*** Opening Data for the task ***
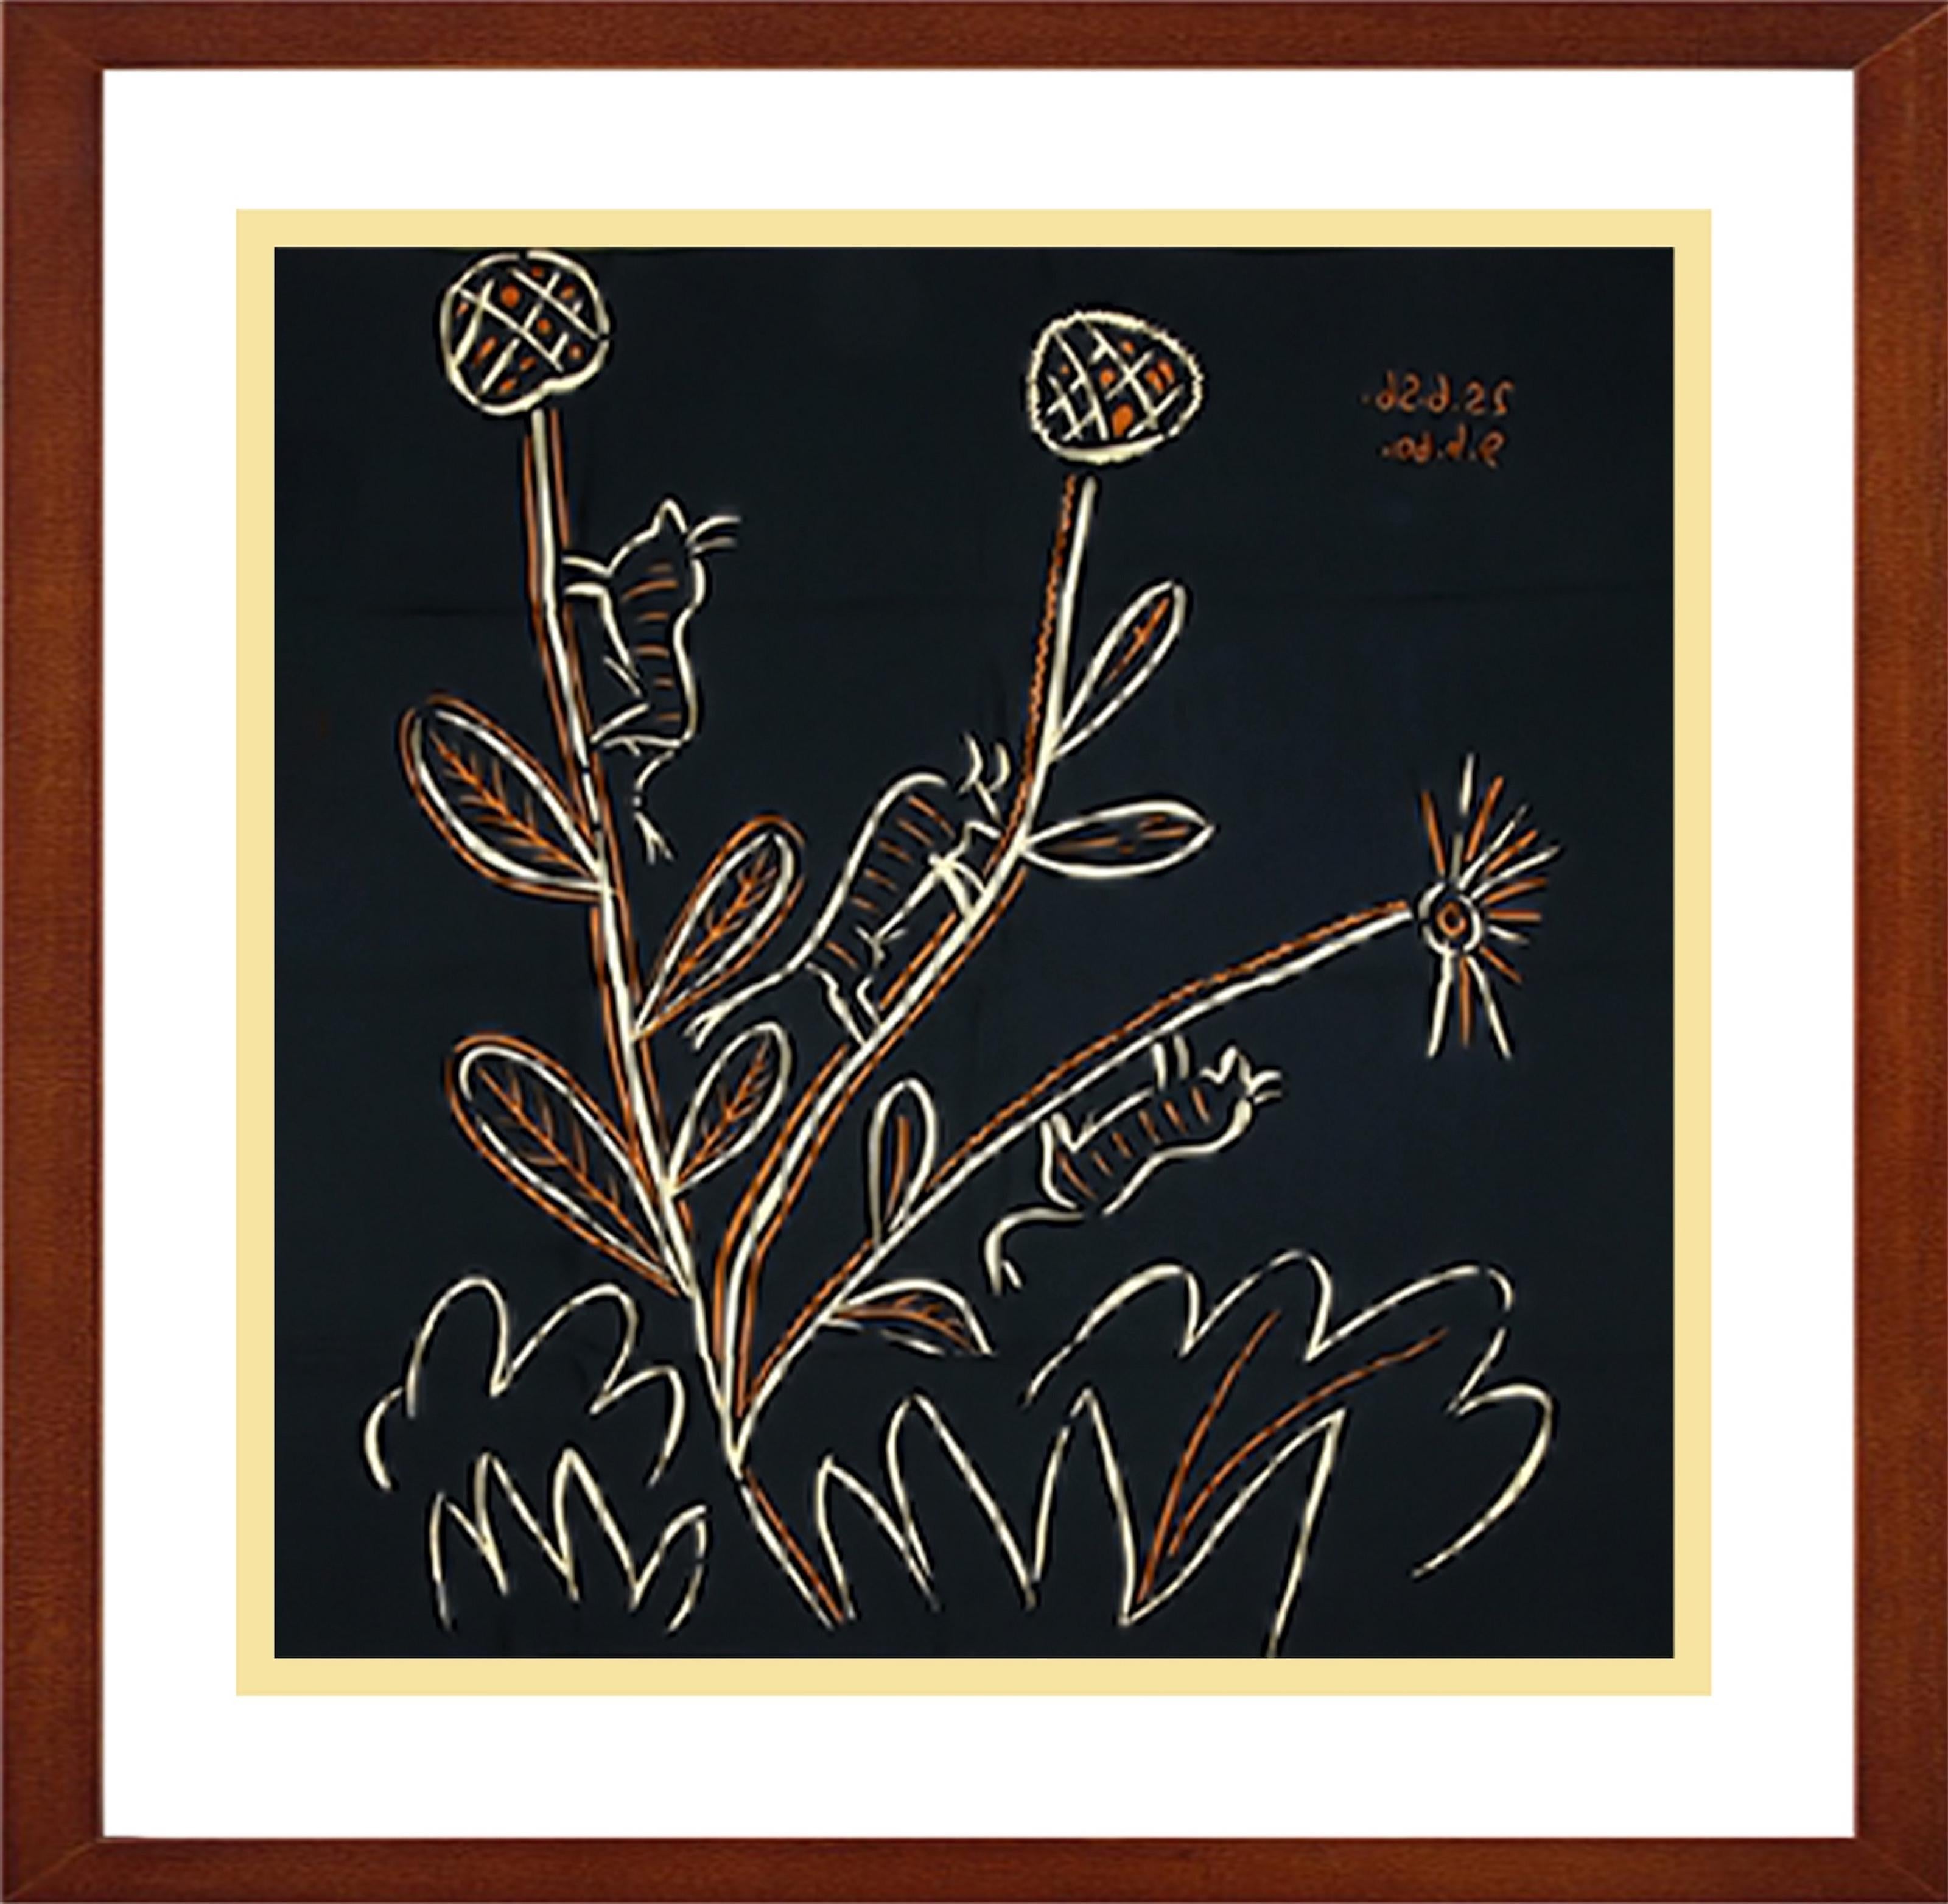 Lieferkosten auf Anfrage
"Plante aux Toritos", Kunstwerk des Künstlers Pablo Picasso.
Abstrakte, humorvolle Darstellung von Flora und Fauna.
Bedruckter Seidenschal (reine Seide) nach einem Linolschnitt von Picasso.
Erste Version: Im Geschenkkarton /
*** Closing Data for the task ***
Scan the material for the word "Picasso". Return every line where it is found.

"Plante aux Toritos", Kunstwerk des Künstlers Pablo Picasso.
Bedruckter Seidenschal (reine Seide) nach einem Linolschnitt von Picasso.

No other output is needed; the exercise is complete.